In the recent method of estimating and matching the seam tangent line, techniques for matching images while preserving moving objects have been attempted. In addition to the gradient and parallax information used when estimating the line of sight, the distortion of the object is defined in three categories (e.g., appearing, truncated, duplicated) and used when calculating the energy within the overlapping area, or an item representing the visual importance of humans. Methods such as assigning weights for each object when calculating energy using Saliency have been studied. However, these methods have a problem that they have a large amount of computation to be used in a real-time environment.

Accordingly, an object of the present invention is to provide a method and apparatus for estimating a seam tangent reflecting object motion information in order to solve the problems of the prior art.
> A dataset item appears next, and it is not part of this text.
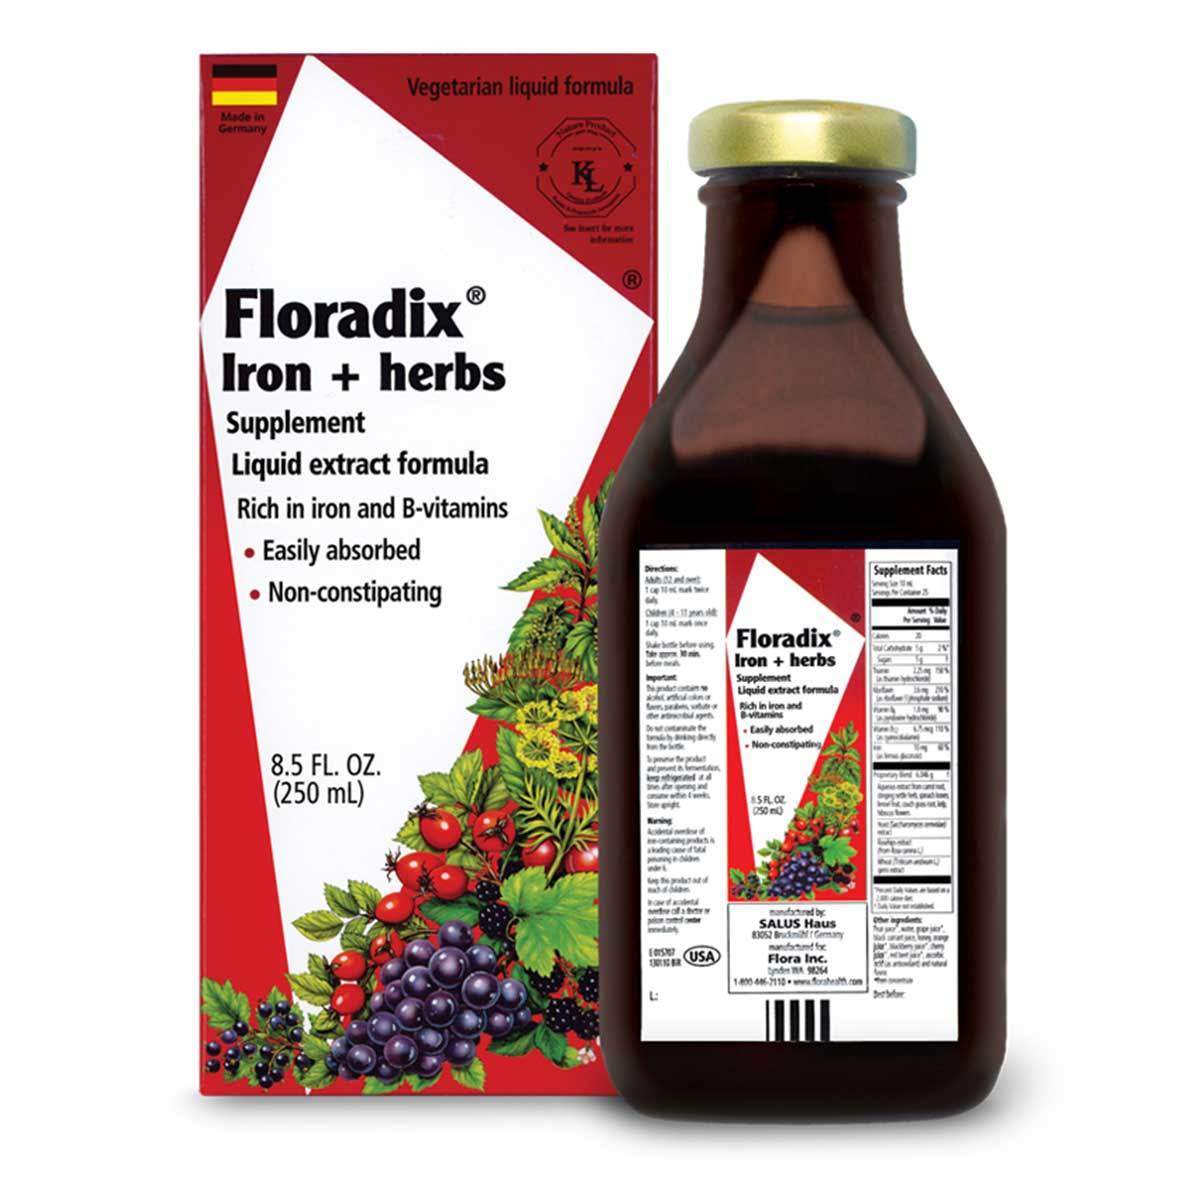 Primary image of Floradix Iron + Herbs
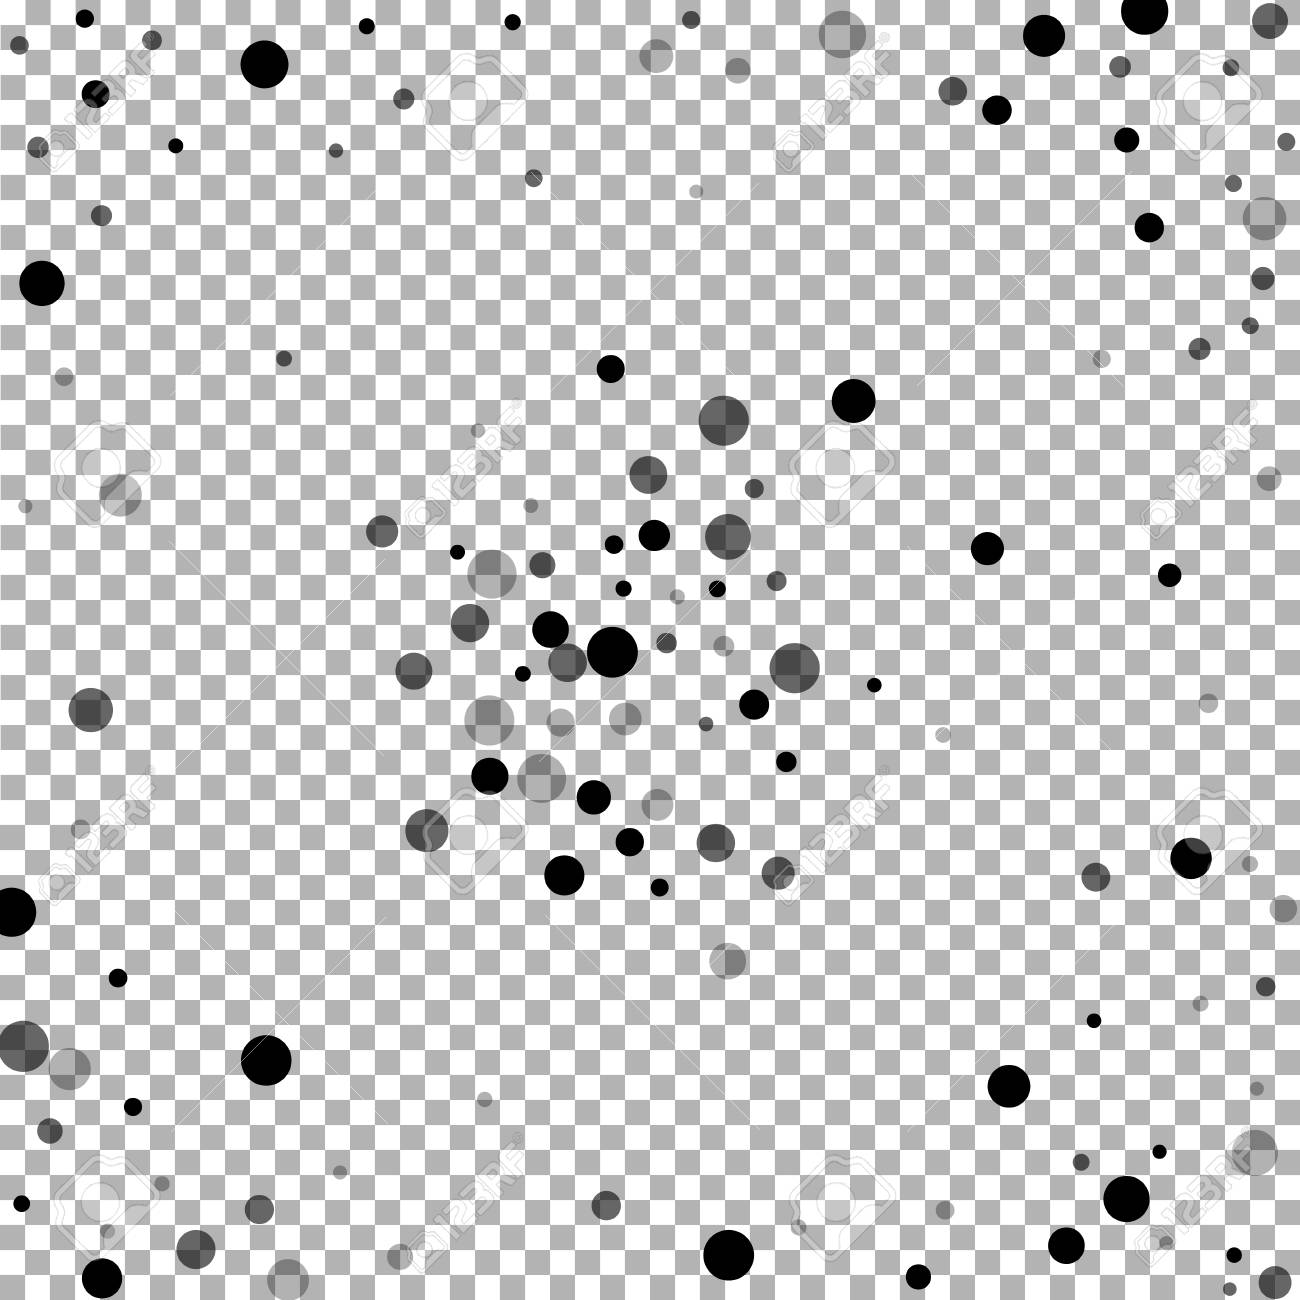 Scattered Random Black Dots Dark Points Dispersion On Transparent

To this end, we intend to provide a technology that recognizes the movement of an object and estimates the line of sight. In addition, an object of the present invention is to provide an image matching method and apparatus using the method for estimating the seam tangent line.

In addition, it is an object of the present invention to add energy information in consideration of moving objects in addition to the outline information and parallax information of the image used when estimating the existing seam tangent line in an image acquired using a plurality of cameras and applied spatial transformation. It aims to provide the result of estimating and matching by using the estimated seam tangent line.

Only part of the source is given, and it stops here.